I am not sure why think you need to remove any data. Normally, the purpose of collecting data is to estimate an effect of some kind. Collect the appropriate data, do the regression (which results in an estimate of the parameter), and you are done.
I am very confused about why you are trying to regress the top and bottom. Why are you not just regressing all the data?
Christos Tsallis
Christos Tsallis 2023 年 1 月 10 日
編集済み: Christos Tsallis 2023 年 1 月 10 日
You are right. First of all, axes are labeled as follows. Y axis has Land Surface Temperature (LST) values in Kelvin, and X axis has values of a Normalized Difference Vegetation Index (NDVI). NDVI values range from +1.0 to -1.0. Areas of barren rock, sand, or snow usually show very low NDVI values (for example, 0.1 or less).

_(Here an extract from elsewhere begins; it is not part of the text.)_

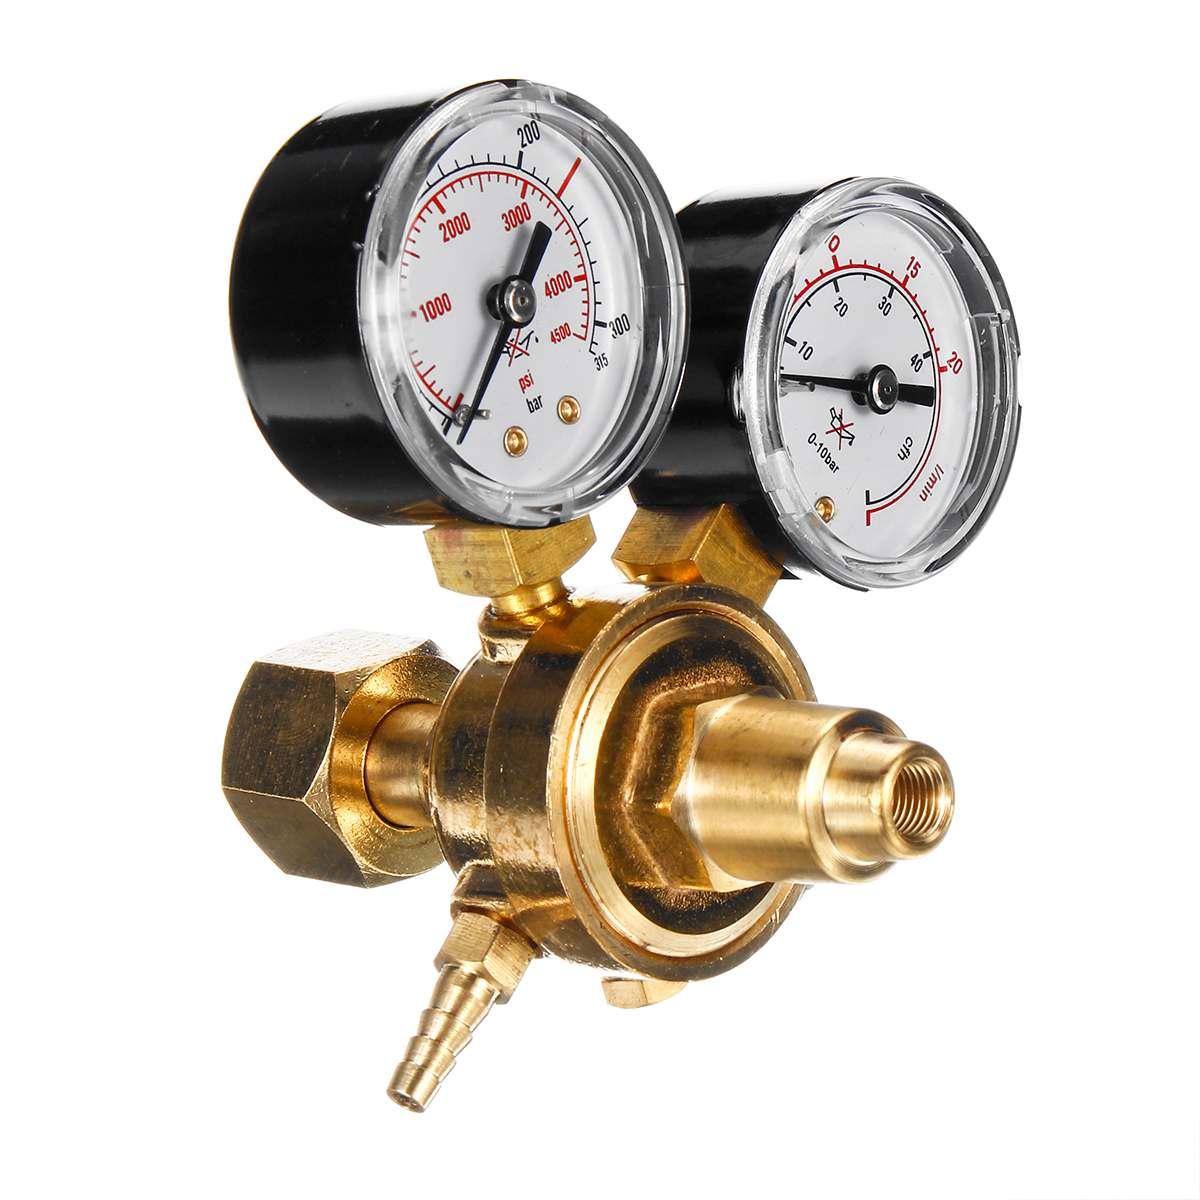 Dual Gauge Argon CO2 Gauges Pressure Reducer Mig Flow Meter Gas Control Valve Welding Regulator Argon Regulator Pressure Reducer

Sparse vegetation such as shrubs and grasslands or senescing crops may result in moderate NDVI values (approximately 0.2 to 0.5). I am attaching an article bellow, which is the cause of linear regression that I am using. You see, there is a way to find soil moisture using Land Surface Temperature (LST) in Kelvin and NDVI values. The first thing you have to do is to extract NDVI and LST values from a multispectral image. After that, you merge LST and NDVI values to a table and it will have 2 columns (1st column: LST, 2nd column: NDVI), and a lot of rows (rows represents the number of pixels). In order to find soil moisture there are 2 edges that must be computed. The dry edge (upper) and the wet edge (bottom) (see all the above images). I adopted a simple algorithm to search inside a range of x axis, and find the maximum LST values for the dry edge and the minimum LST values for the wet edge. As a result, values which are located at the top and at the bottom represents those edges. Now, linear regression must be applied to upper and bottom edge in order to get the equations of each edge. Upper edge's equation is LSTmax=Ax+b, and bottom edge's equation is LSTmin=Ax+b. To compute soil moisture we apply the following formula SMI=(LSTmax-LST)/(LSTmax-LSTmin), LST is a given matrix with land surface temperature values in Kelvin. My doubt exists because if I apply linear regression to a specific range like 0 to 1 with 0.05 as a step then soil moisture index has some values above 1 and bellow 0 (this is not permitted as SMI range should be 0 to 1). If I reapply linear regression again with a different range like, 0.1 to 0.8 with 0.05 as a step there is a possibility that values above 1 and bellow 0 will be less (or more) than the previous try. That's why I asked. I am trying to find the best way to have values inside the valid range.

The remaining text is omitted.